Setting up the meeting Who should attend? Everyone who can ultimately “screw” things up belongs in the meeting. The key to success and ultimate ‘buy in” is participation at the front end of the process. The people you exclude from coming up with the plan are the ones most likely to come up with objections and obstructions at implementation…

AND they just might have something useful to add to the conversation something with the potential to improve the team’s thinking. The only pre-work required Each participant should bring a list of the three (no more and no less) most important facts that need to be considered in the meeting.

Setting up the room

  • If the number of participants is eight or fewer, you only need one round table.
  • Seating should promote intimacy and collegiality. Round tables are best at doing that.
  • If total attendance is greater than eight, divide the team into sub-teams.
  • The ideal sub-team at each round table should be no less than four people and no more than eight.
  • Each table gets a flipchart and markers, along with scratch pads and pens. • Each table picks a table captain.
  • Each table picks a “scribe” (who may or may not be the table captain as the captain will be the “spokesperson” for the group).
  • The scribe’s role will be to make sure all statements are written so as to be the most articulate rendering of the thinking; not the most cryptic.

Setting up the Dynamic

  • The team table is not the place for argumentation;
  • It is the place for collective, collegial articulation.
  • We are beginning to think together creatively OUT LOUD.
  • You can’t begin to argue all sides of an issue until all sides fully understand the issue.
  • You can’t understand that issue unless it’s been fully and well-articulated.
  • It is best to approach everything with the assumption that you don’t already know the answer.
  • We routinely take the role of being the “most ignorant” person in the room; mainly because that person can keep asking for clarification, without creating oppositional tension, and thereby end up getting the team to reach their best collective understanding of the issue
  • Everyone gets to help hone each statement that goes up on the table board so that o It accurately describes the thinking it is meant to describe o It results from dialog between discussion among all members of the team at each table.
  • Not only is it OK to ask questions; asking questions is the whole point • By the way, asking questions about an idea applies just as much to the person who proposes it as it does to the rest of the team.
  • The proposer is the initiator of the idea.
  • The proposer is not the defender of the idea.
  • If you are not sure you understand what was said.
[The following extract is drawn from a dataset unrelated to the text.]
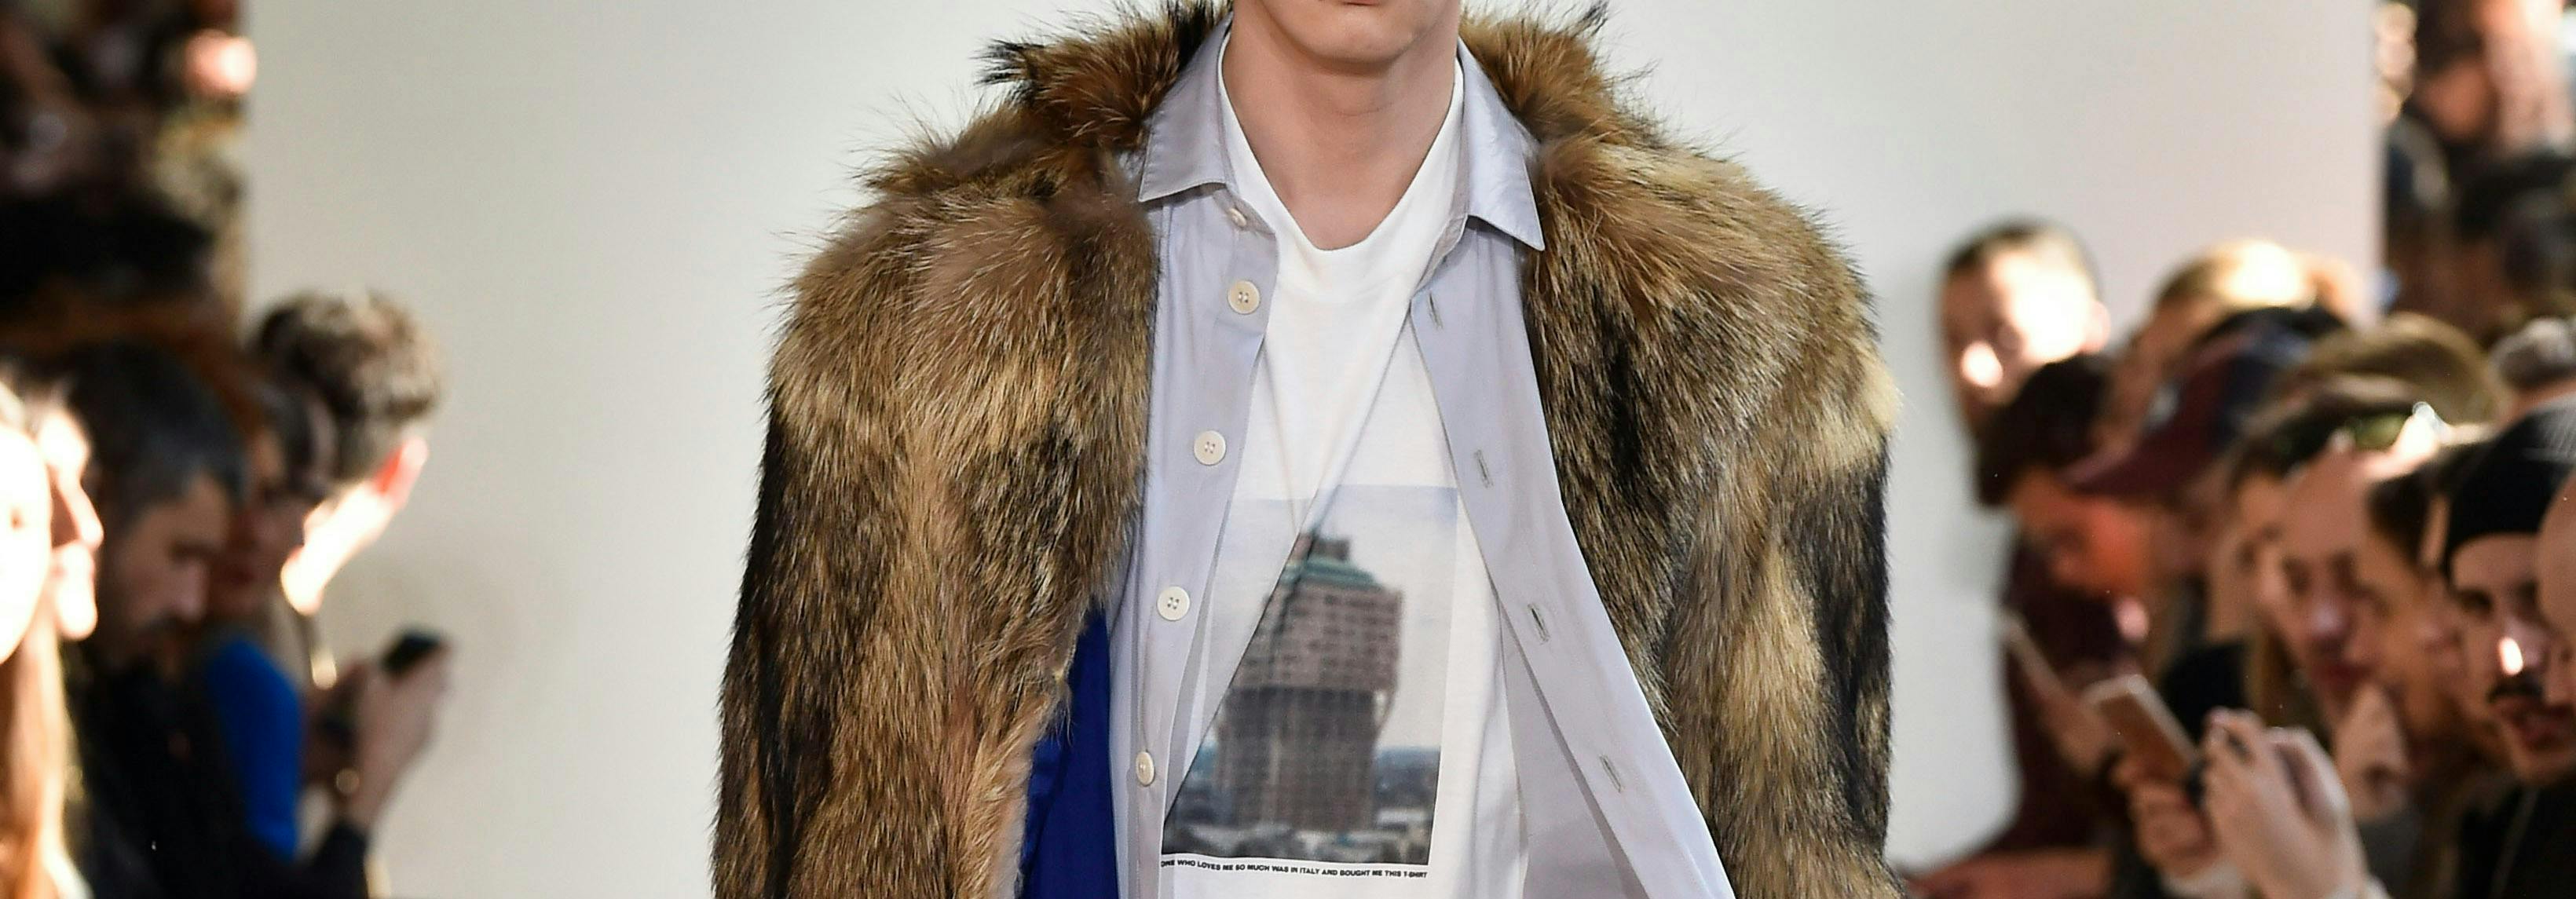 clothing apparel person human sleeve coat fur

Ask questions. Engage in discussion. • Use the group to make each statement as “perfect” as it can be.
  • Remember: the goal is to understand every idea being proposed well enough to be brief!
  • Everything that happens at each table is a full-participation, full-contact activity, with all hands-on deck.
  • The table discussion will ultimately mirror the discussion of the whole team in the room at large.

 

Setting up the front of the room

  • Two flip charts at the front of the room.
  • Lots of wall space around the room on which you can post completed flipcharts.
  • It is extremely helpful for everyone to see everything the team has accomplished throughout the meeting.
  • Pick one wall where the sequence of completed “chunks” is displayed in order

o 7 Significant Facts

o 3 Propositions

o ONE Central Operating Principle

o 3 Strategies

o 7 Executions

Think of this as a progress chart of the evolving work in progress. It will simultaneously focus, energize, and recognize the progress of the team.

This is the one place where they can see what they have accomplished and what remains.